(EXERCISE AIM) Every line of the material must be given again verbatim. Skip the images.

(EXERCISE DATA)
□ □ □ □

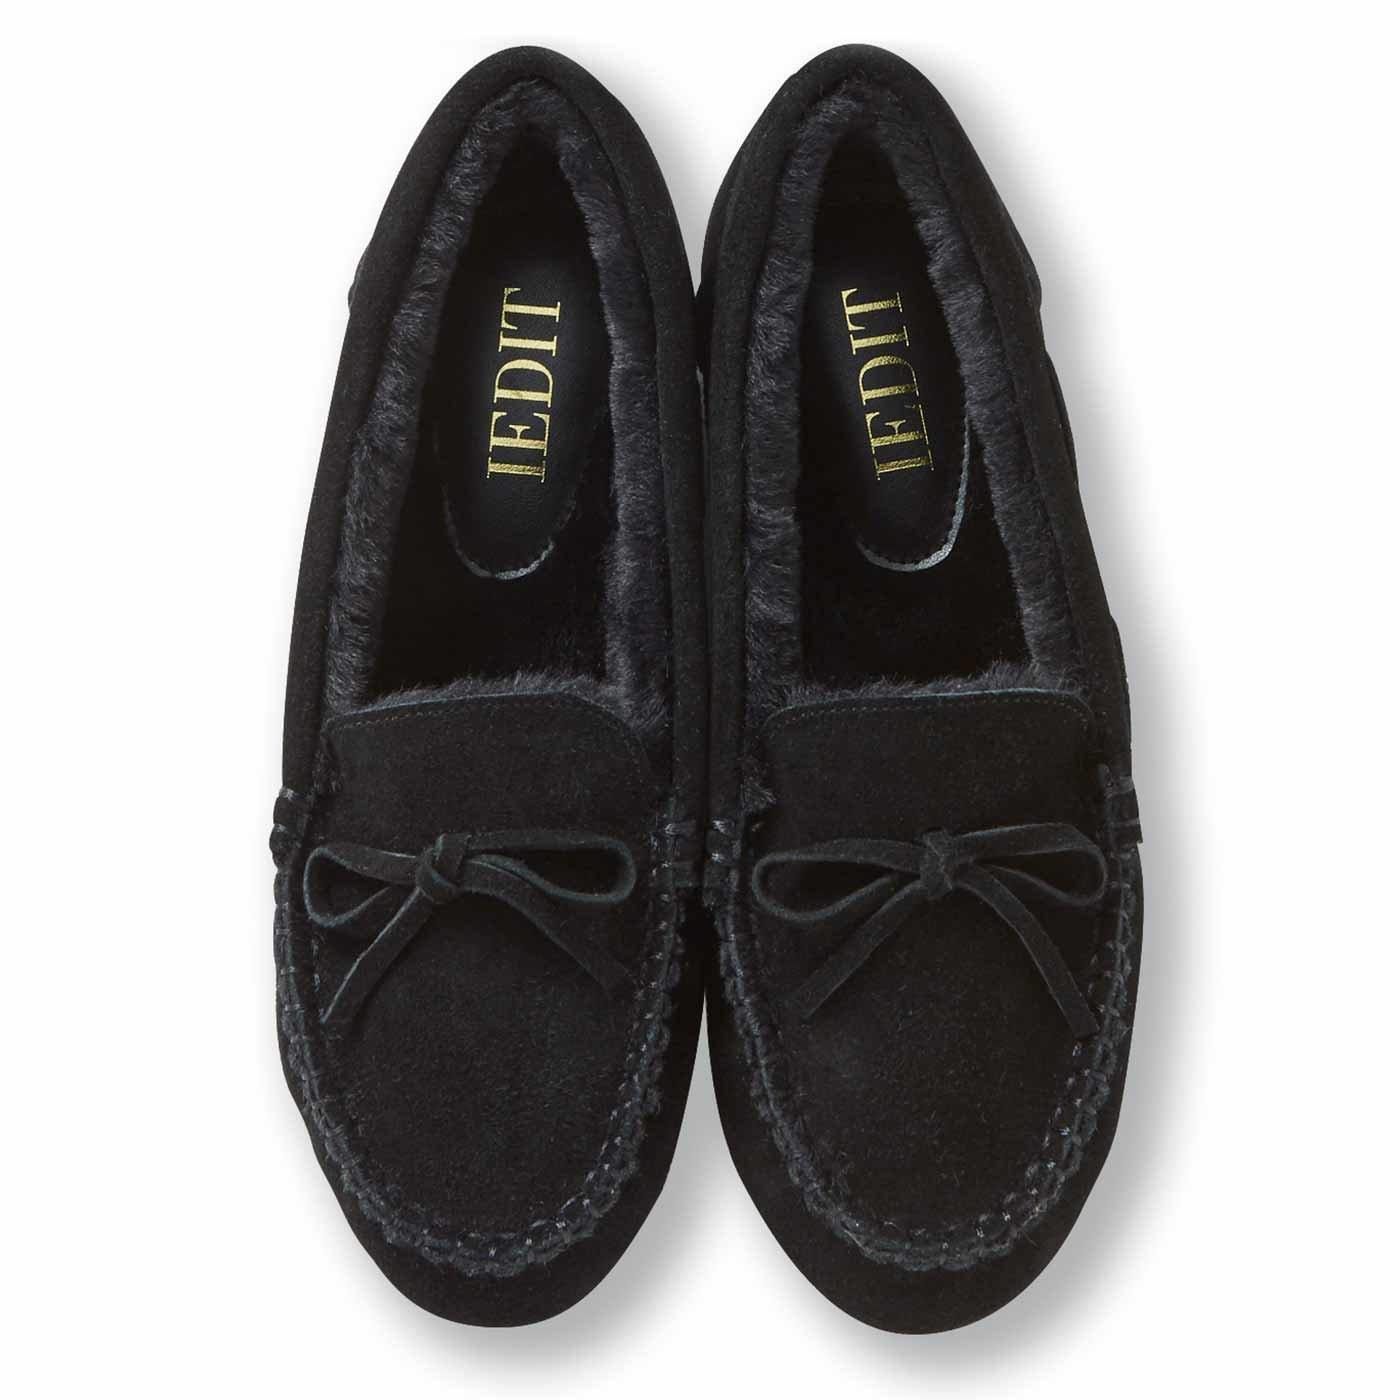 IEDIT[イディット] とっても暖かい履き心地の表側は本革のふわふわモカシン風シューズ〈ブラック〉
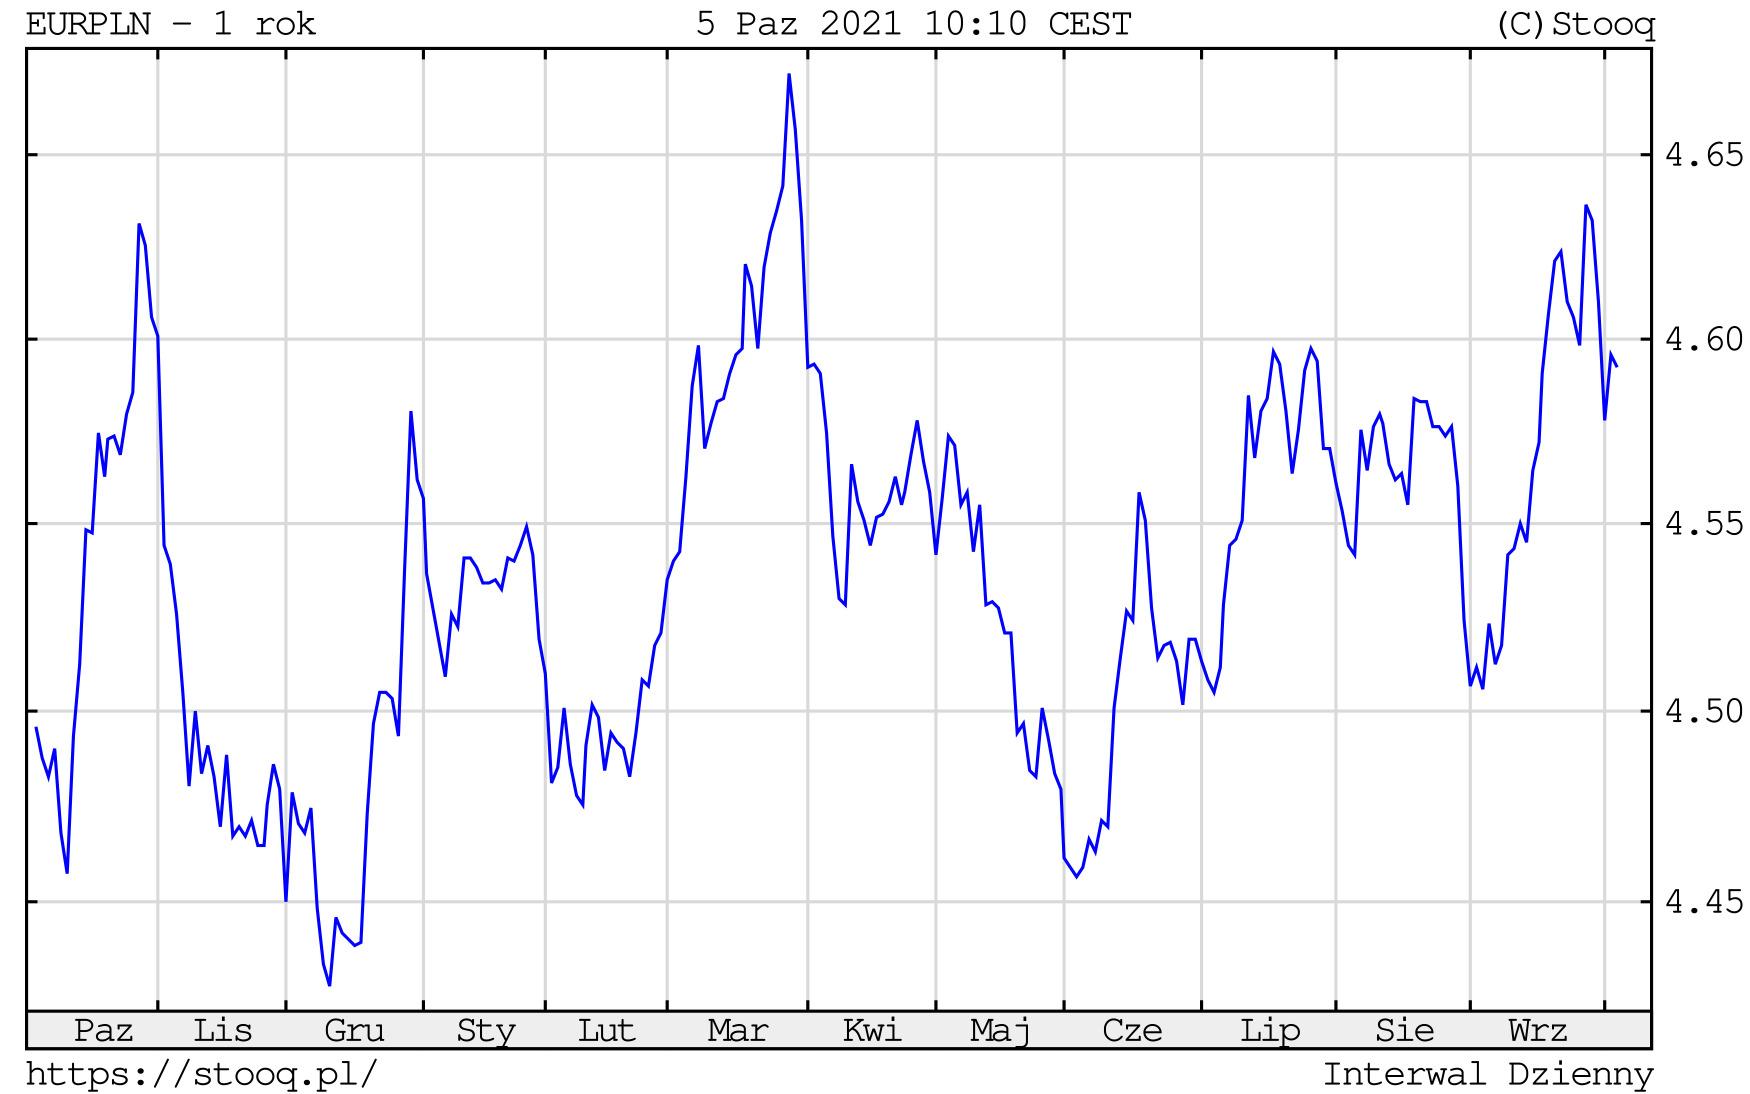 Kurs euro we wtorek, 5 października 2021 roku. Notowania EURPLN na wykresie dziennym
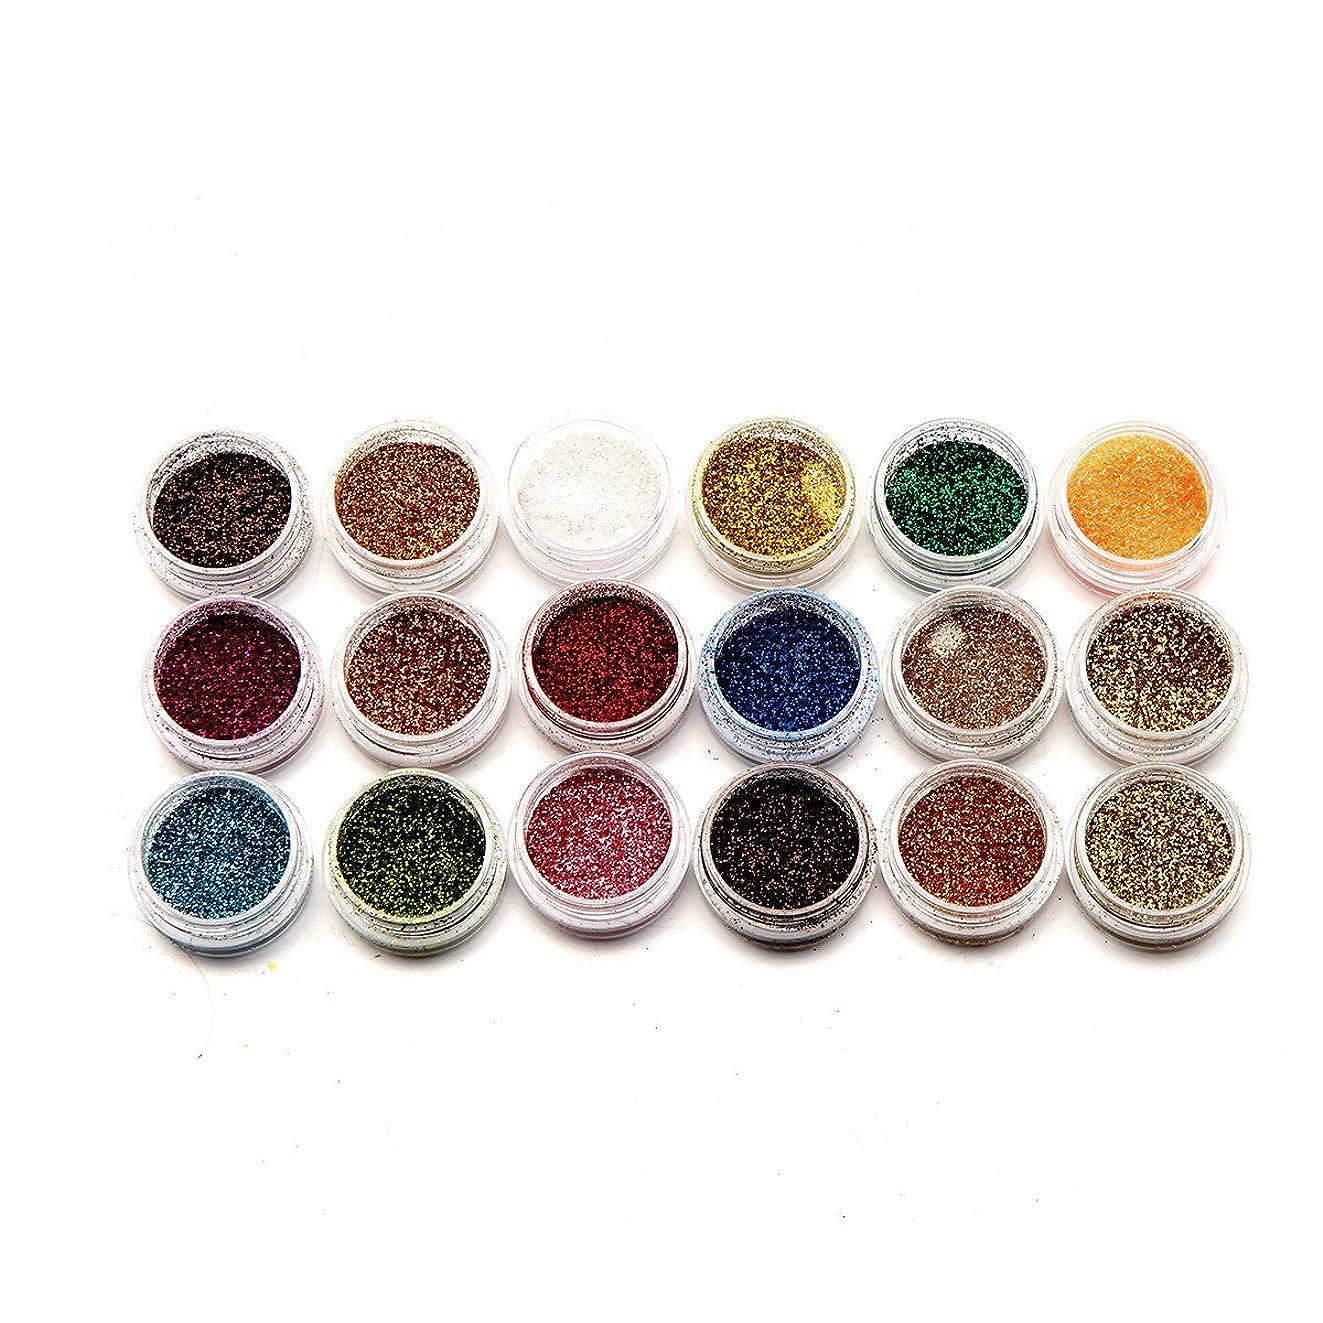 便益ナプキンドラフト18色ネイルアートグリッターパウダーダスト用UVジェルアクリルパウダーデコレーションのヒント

□ □ □ □

(FINISHED EXERCISE)
 IEDIT[イディット] とっても暖かい履き心地の表側は本革のふわふわモカシン風シューズ〈ブラック〉
 Kurs euro we wtorek, 5 października 2021 roku. Notowania EURPLN na wykresie dziennym
 便益ナプキンドラフト18色ネイルアートグリッターパウダーダスト用UVジェルアクリルパウダーデコレーションのヒント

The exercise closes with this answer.